Always create: pyproject.toml, package __init__.py, agent/schema.py, agent/signature.py, agent/service.py, agent/__init__.py, and tests/test_smoke.py.

Create when needed:

  • agent/skills.py when the RLM needs domain-specific instructions beyond built-in skills.
  • tools/ when host-side functions or helper modules are needed.
  • bench/ when the user wants evals, datasets, scoring, or eval config.
  • gepa/ and a console script when the user wants RLM-GEPA optimization.

Do not add compatibility shims for old flat module names in newly generated projects. The grouped imports are the source of truth.

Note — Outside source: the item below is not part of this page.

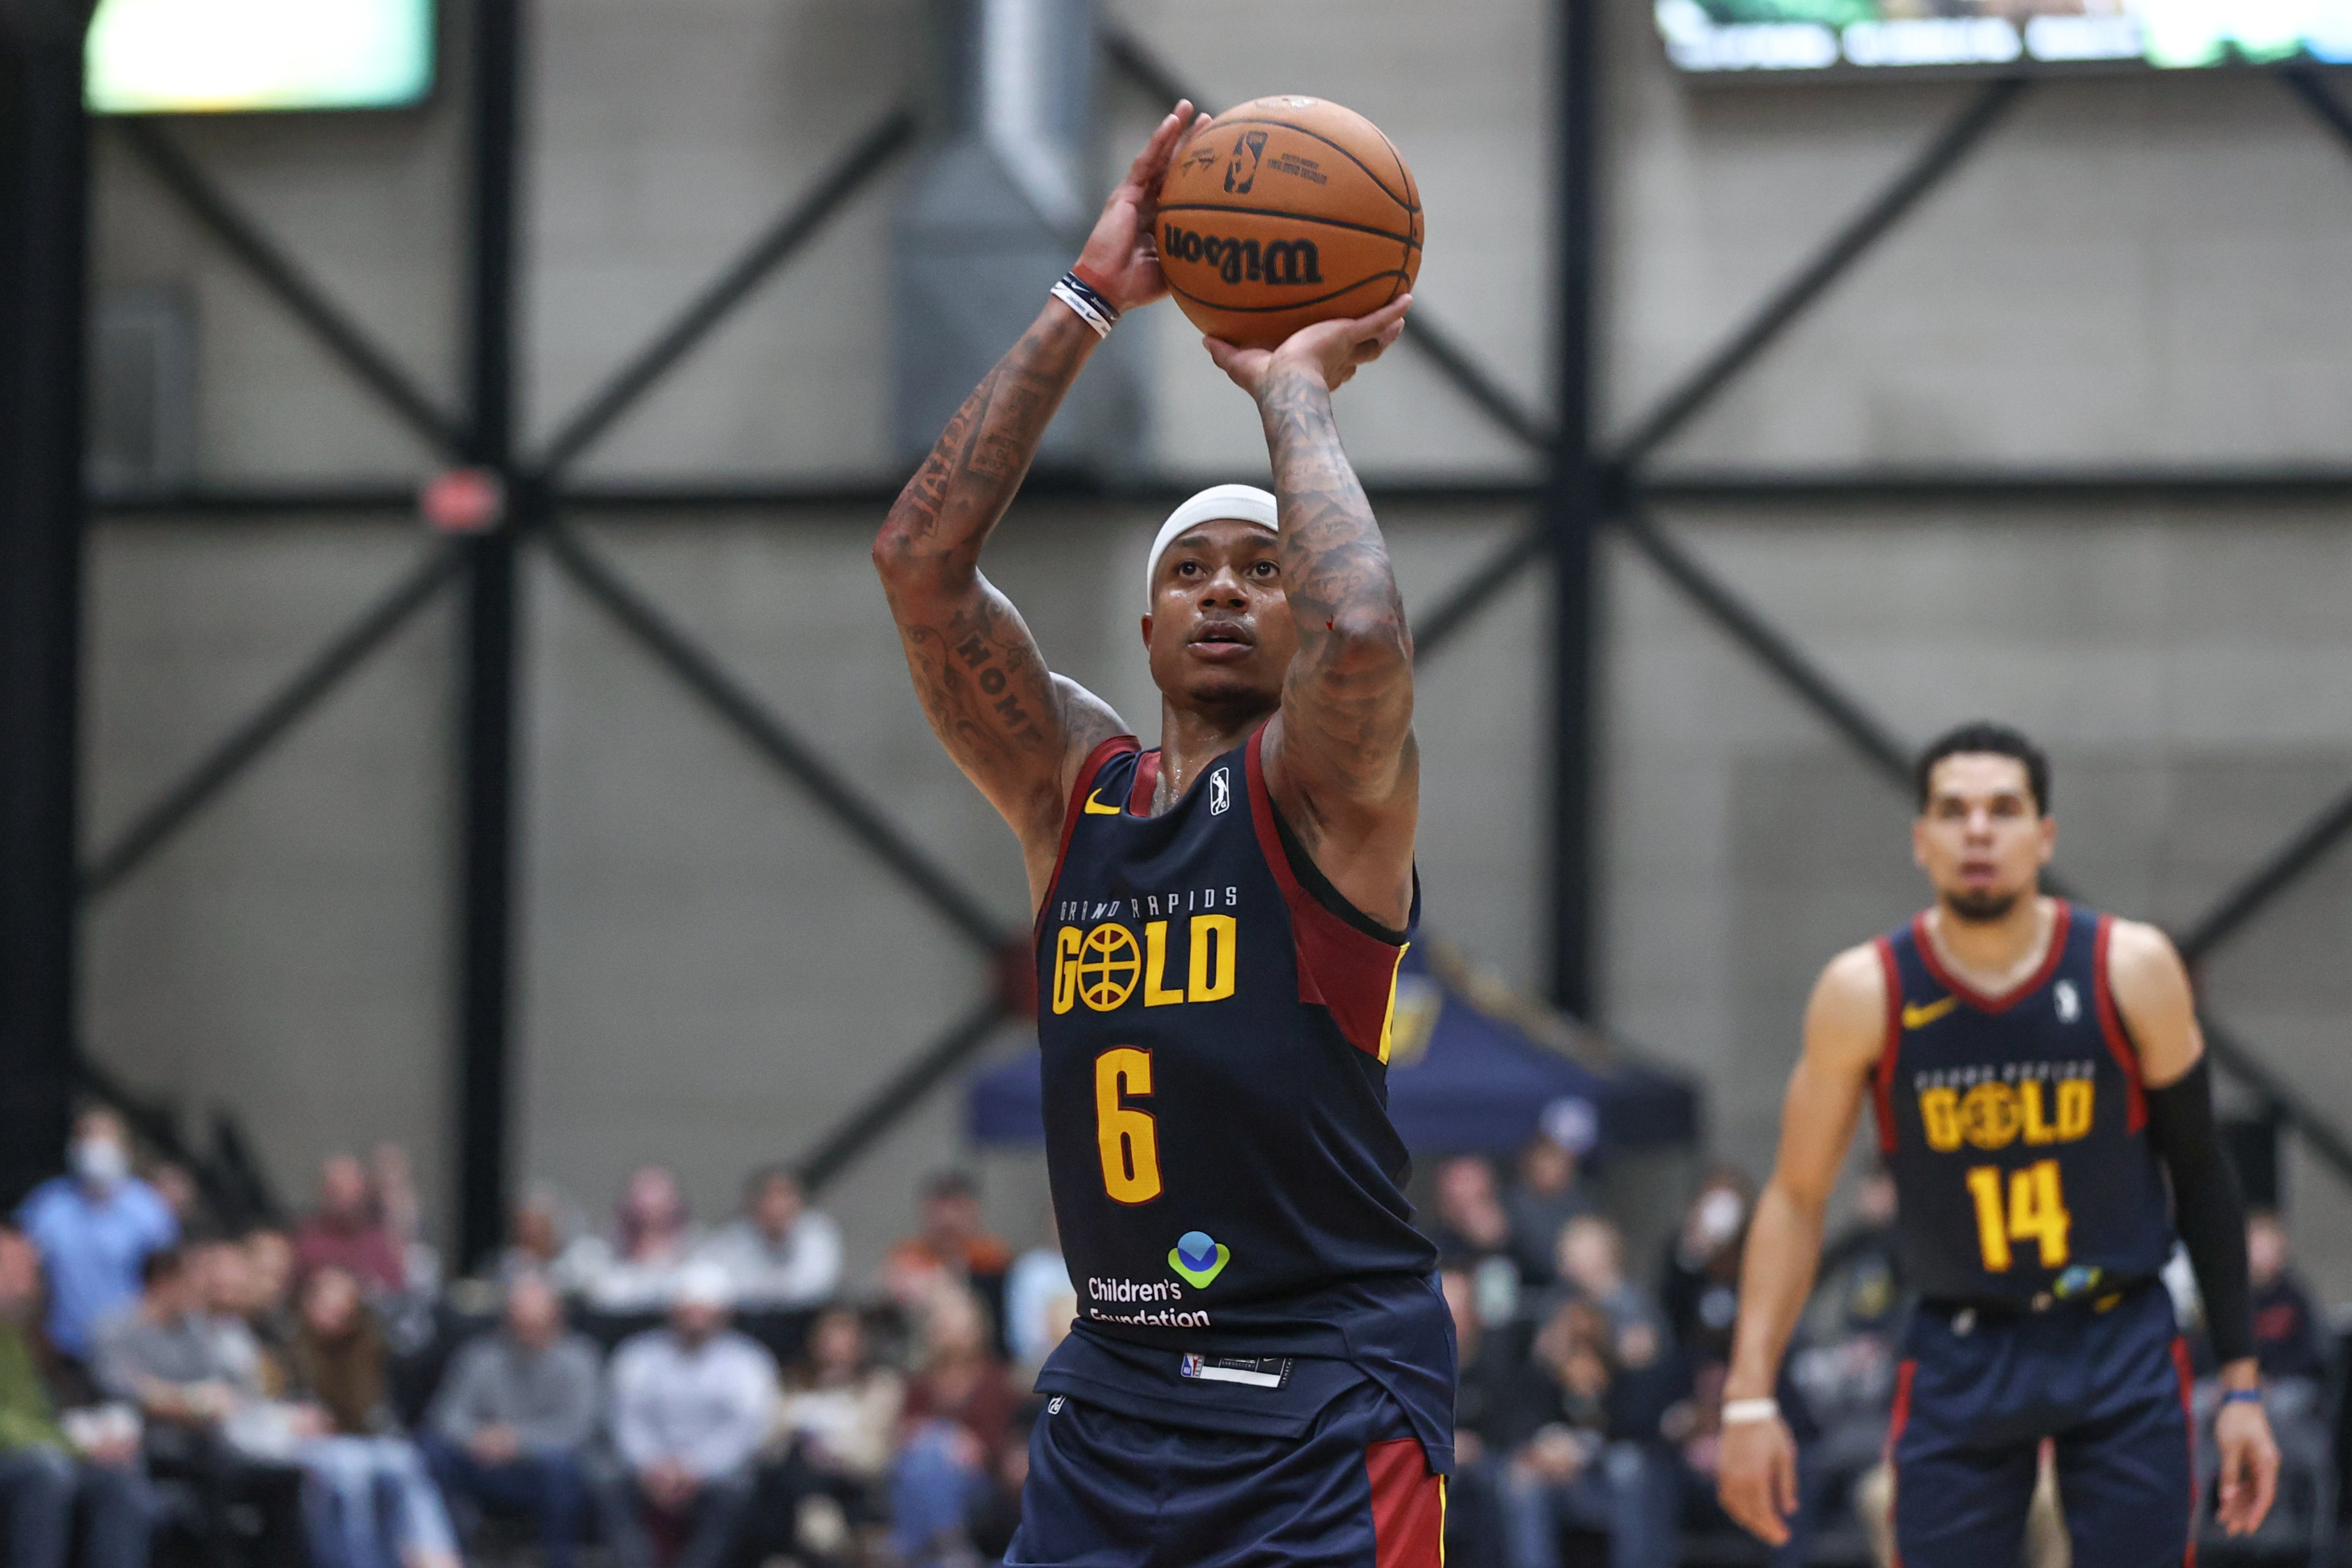 Isaiah Thomas signs 10-day contract with Lakers
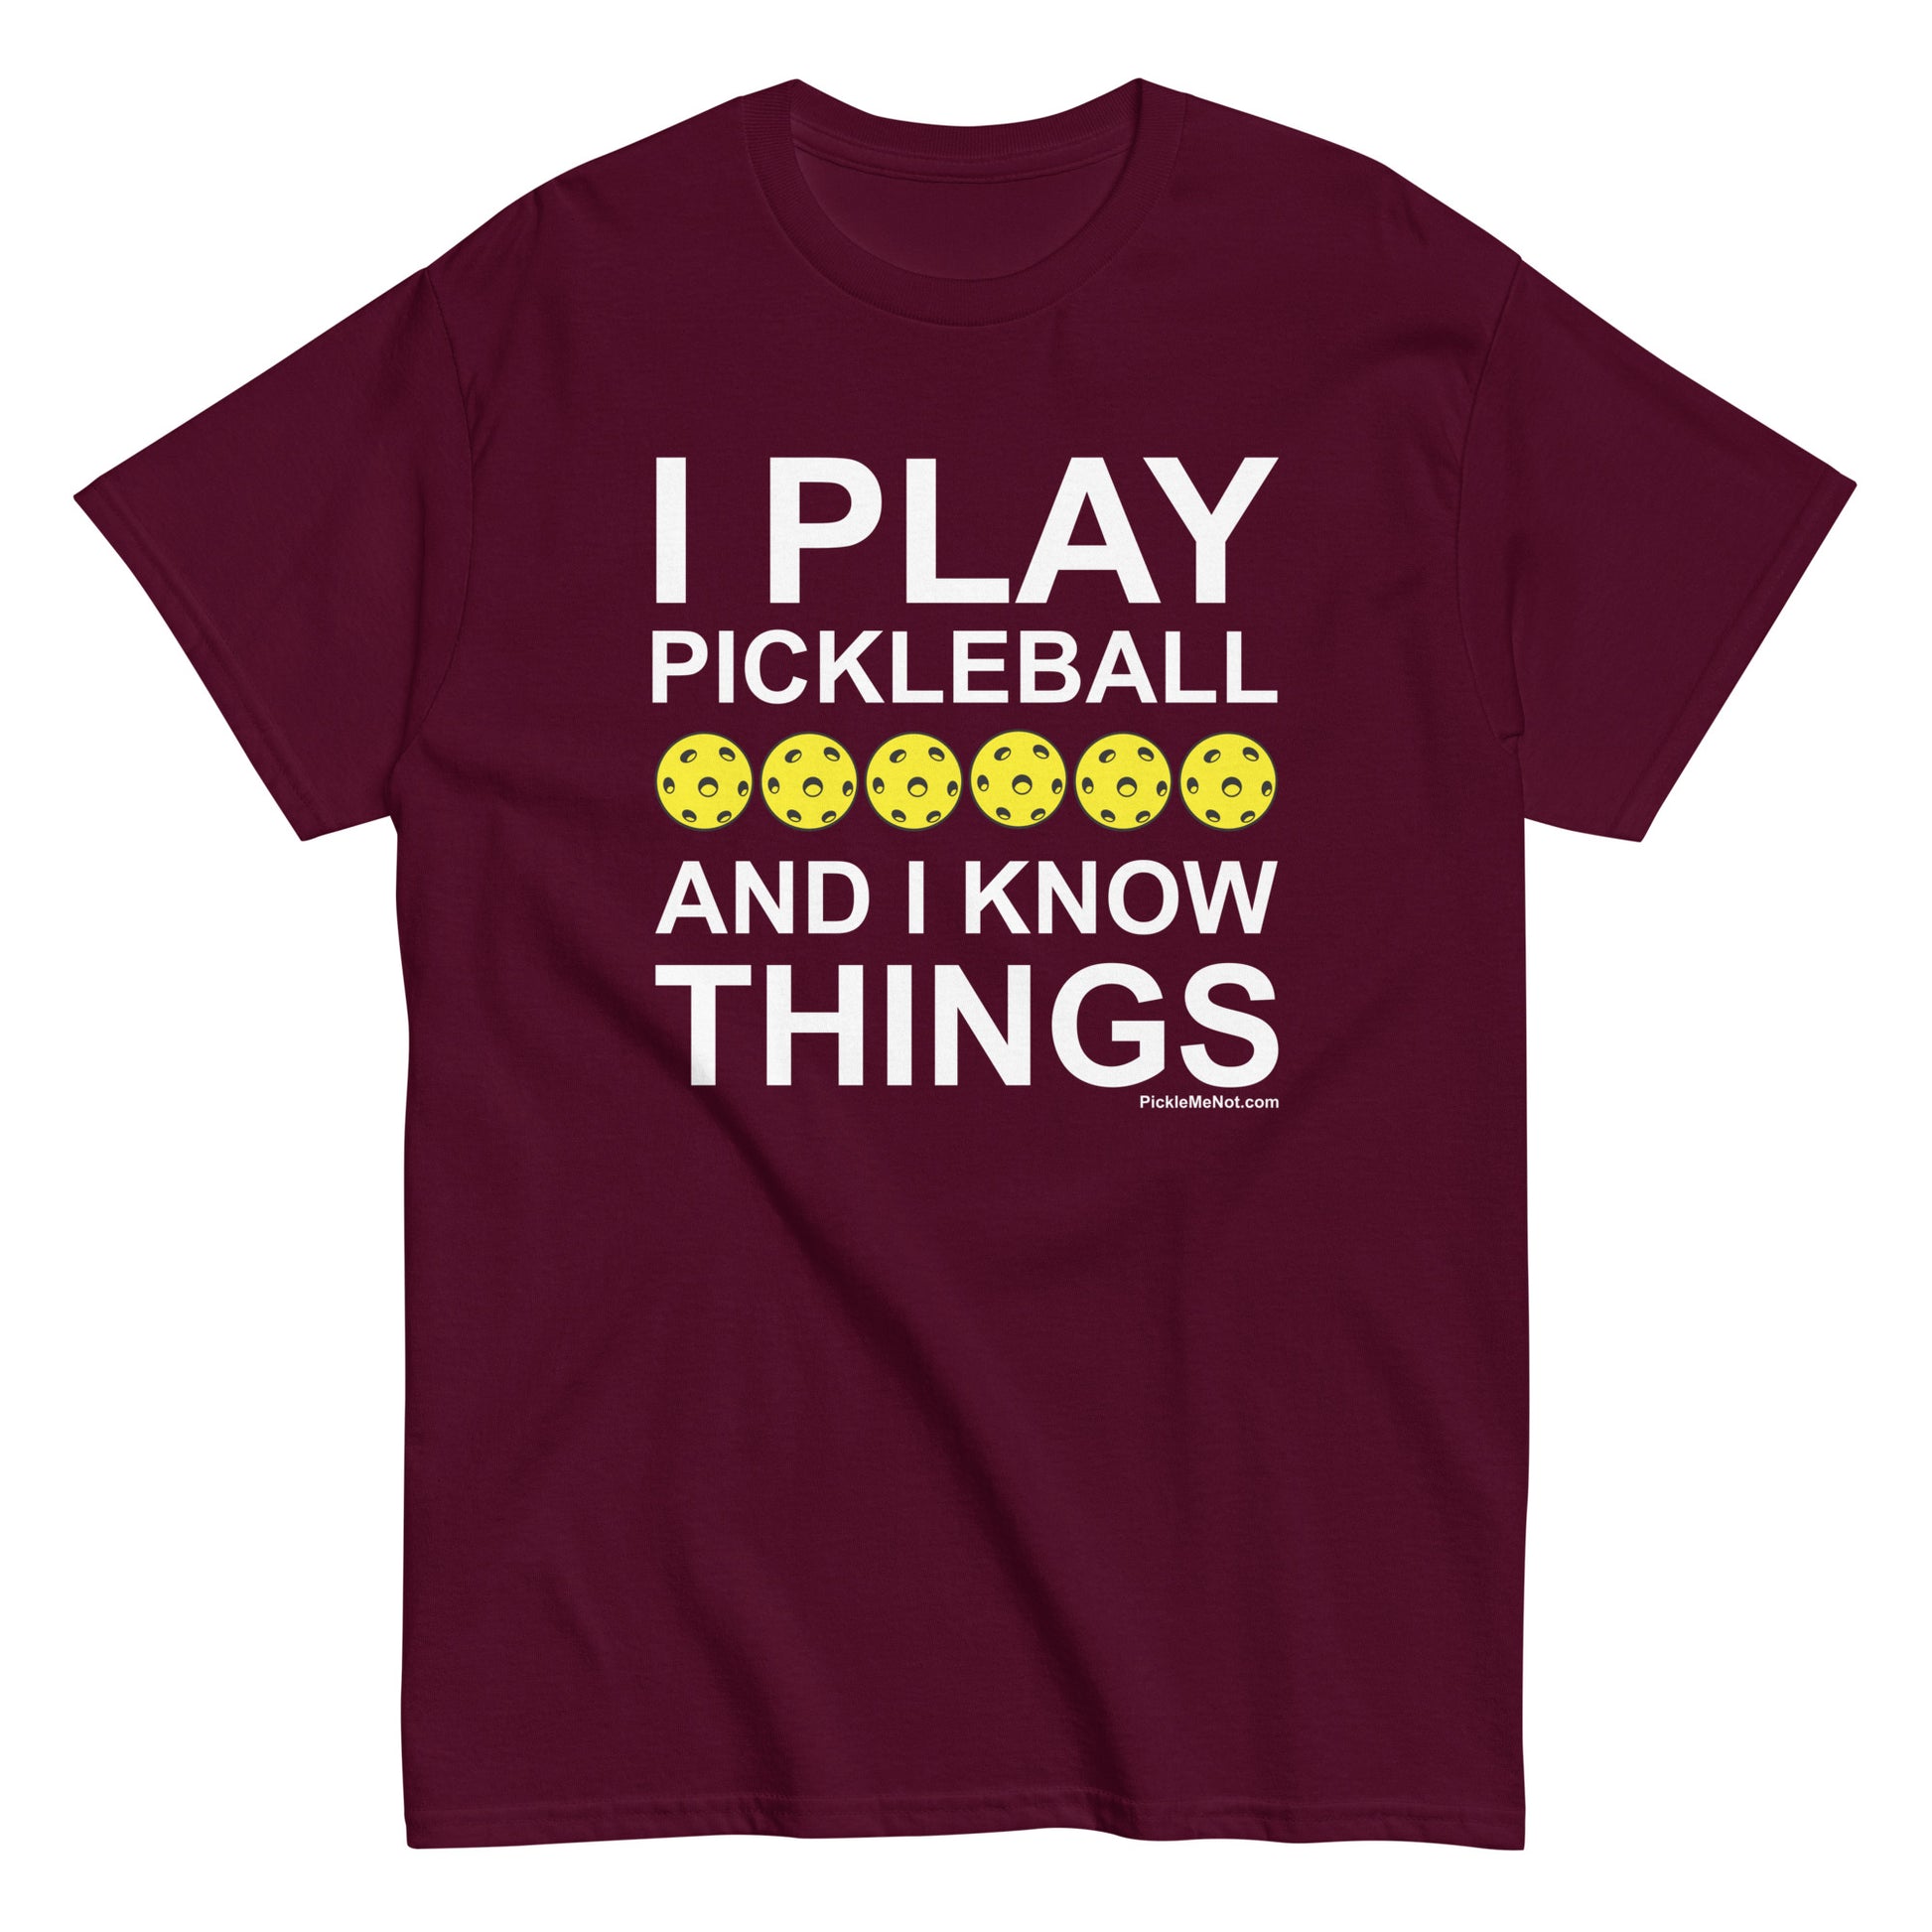 Fun Pickleball, "I Play Pickleball And I Know Things" Men's Classic Maroon Tee

pyproject.toml — Dependencies and generated-with metadata

Every generated RLM project should record which predict-rlm version and skill layout it targets. Use the current package version unless the user explicitly pins another one. For this repository version, that is 0.3.0.

Agent-only project:

[project]
name = "my-rlm"
version = "0.1.0"
requires-python = ">=3.11"
dependencies = [
    "predict-rlm>=0.3.0,<0.4",
]

[tool.predict-rlm.generated]
predict_rlm_version = "0.3.0"
skill_version = "2.0"
layout = "agent-tools-bench-gepa"
features = ["agent"]

If the project uses built-in example skills, add only the required extras or packages. If it uses GEPA, add the GEPA extras and project-local rlm-gepa script as the main UX. Do not include optimization dependencies for an agent-only or eval-only project.

dependencies = [
    "predict-rlm[examples,gepa,gepa-viz]>=0.4.0,<0.5",
]

[project.scripts]
rlm-gepa = "my_rlm.gepa:main"

[tool.predict-rlm.generated]
predict_rlm_version = "0.4.0"
skill_version = "2.0"
layout = "agent-tools-bench-gepa"
features = ["agent", "tools", "bench", "rlm-gepa"]

For examples inside the predict-rlm monorepo, an editable path source is fine, but keep the generated metadata table so readers know which API/layout version the project was generated against.

agent/schema.py — Pydantic models

Define models for structured inputs and outputs. Use Field(description=...) so the RLM knows what each field means.

from pydantic import BaseModel, Field


class KeyDate(BaseModel):
    """A key date extracted from a document."""

    name: str = Field(description="e.g. 'Submission Deadline', 'Effective Date'")
    date: str = Field(description="ISO format date (YYYY-MM-DD)")
    time: str | None = Field(
        None, description="24-hour format (HH:MM), e.g. '14:00', '09:30'"
    )
    timezone: str | None = Field(
        None, description="Timezone code, e.g. 'EST', 'EDT', 'PST', 'UTC'"
    )


class DocumentAnalysis(BaseModel):
    """Structured analysis of a document set."""

    report: str = Field(
        description="Full analysis as a well-formatted markdown report"
    )
    key_dates: list[KeyDate] = Field(
        default_factory=list, description="Important dates found in the documents"
    )

agent/signature.py — Inputs, outputs, and strategy

The docstring becomes the RLM's system instructions — tell the RLM how to approach the task step by step:

import dspy

from predict_rlm import File

from .schema import DocumentAnalysis


class AnalyzeDocuments(dspy.Signature):
    """Analyze documents and produce a structured report.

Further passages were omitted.